The technical execution of this attack relies on the fundamental principles of cache-based side-channel analysis where the attacker monitors cache hit/miss patterns during cryptographic operations. When the wolfSSL library performs ECDSA signature generation, it accesses memory locations in patterns that correlate with the secret private key bits. This vulnerability specifically targets the scalar multiplication operations within elliptic curve arithmetic where the attacker can observe variations in memory access timing. The attack requires the adversary to have either local access to the machine where the cryptographic operations occur or access to a separate virtual machine running on the same physical hardware. This constraint reflects the nature of cache-based attacks which depend on shared hardware resources and temporal correlation between operations.
The operational impact of CVE-2018-12436 extends beyond simple information disclosure, as it represents a fundamental weakness in the cryptographic implementation that could lead to complete private key recovery. The vulnerability directly violates the security assumptions underlying elliptic curve cryptography, where the private key should remain secure even when the public key and signature data are publicly available. This attack demonstrates the critical importance of implementing constant-time algorithms and proper memory access patterns in cryptographic implementations, as outlined in the CWE-1037 category for side-channel attacks.
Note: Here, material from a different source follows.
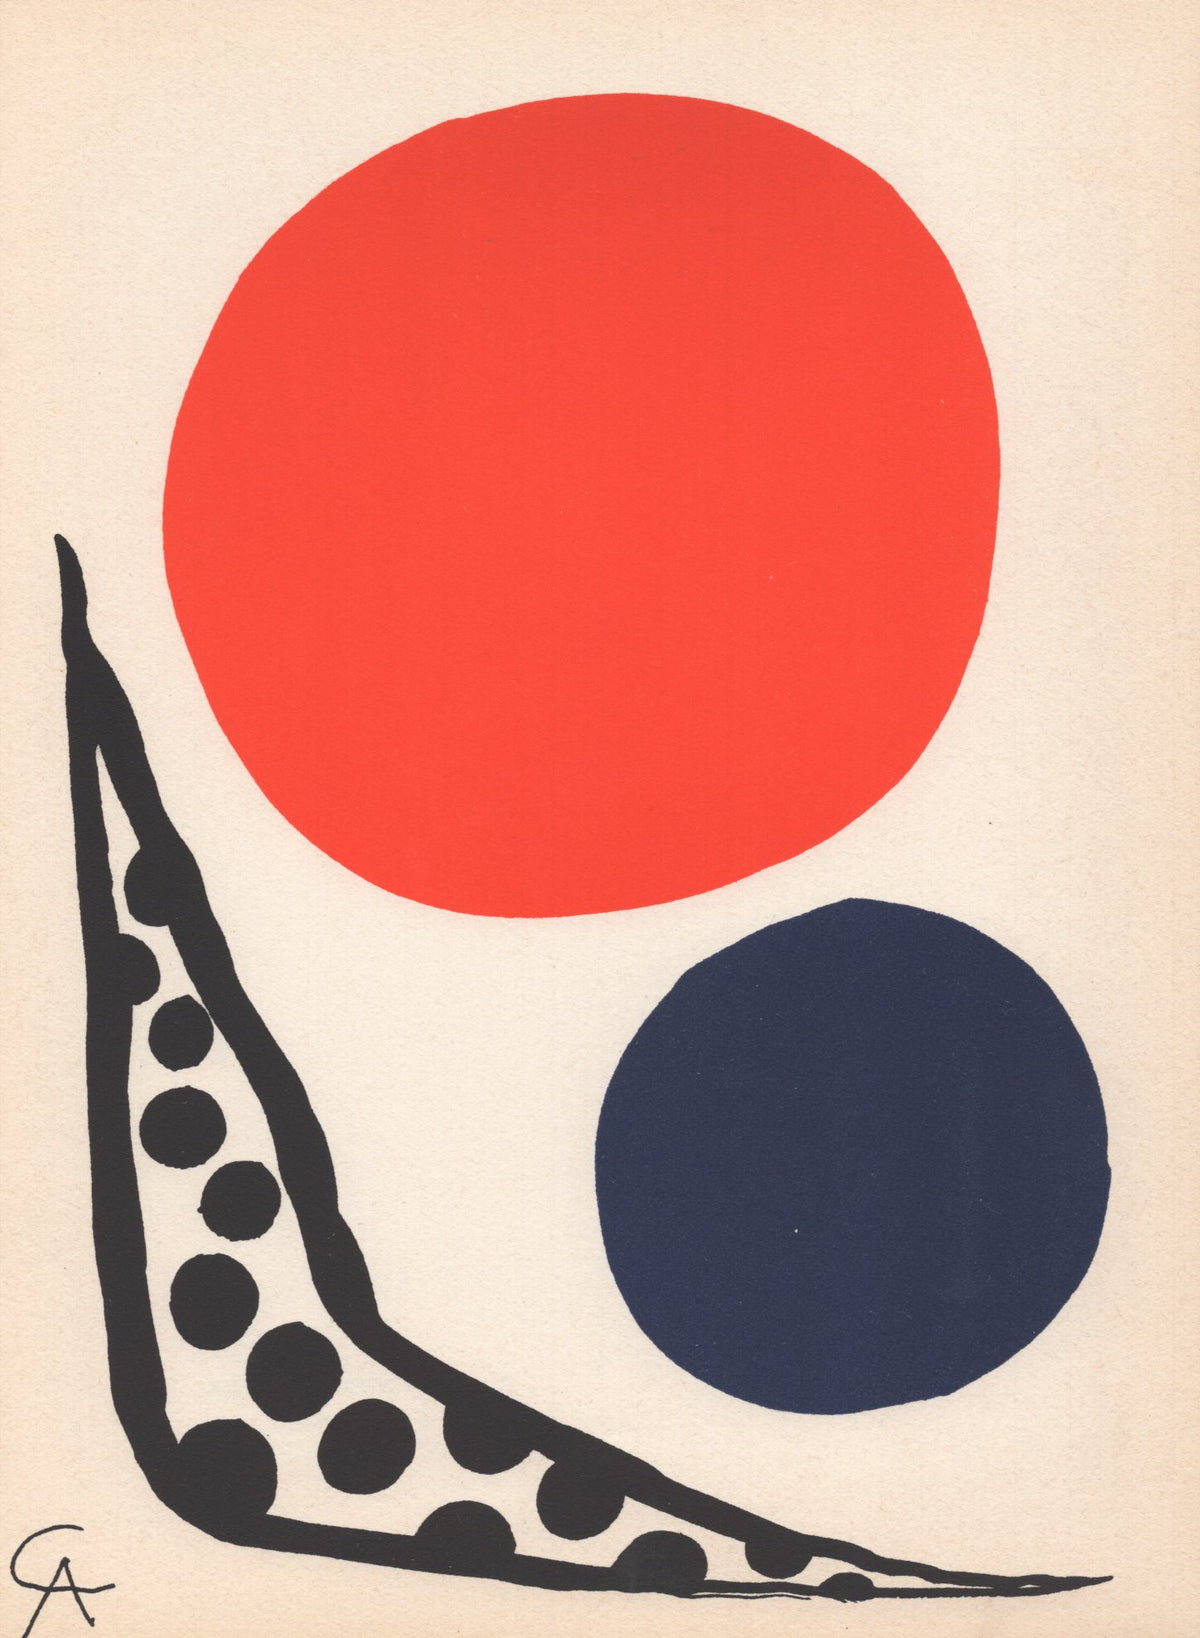 Alexander Calder - &quot;Composition&quot; - Mourlot Press 1964 Lithograph - 7.5 x 10&quot;

The attack vector aligns with techniques described in the MITRE ATT&CK framework under the T1059.001 technique for privilege escalation through cryptographic key compromise. Organizations using affected versions of wolfSSL face significant risk of credential compromise, certificate forgery, and authentication bypass scenarios that could affect the entire security infrastructure.
The mitigation strategy for this vulnerability requires immediate upgrading to wolfSSL version 3.15.1.patch or later, which includes proper countermeasures against cache-based side-channel attacks. These countermeasures typically involve implementing constant-time algorithms, memory access randomization, and cache flushing mechanisms during cryptographic operations. System administrators should also consider implementing additional protections such as virtual machine isolation, hardware-level security features, and monitoring for unusual memory access patterns. The vulnerability highlights the necessity of following security best practices outlined in NIST SP 800-57 and other cryptographic standards that emphasize the importance of protecting against side-channel attacks. Organizations should also conduct regular security assessments to identify similar vulnerabilities in other cryptographic implementations and ensure that all cryptographic libraries maintain appropriate side-channel resistance mechanisms.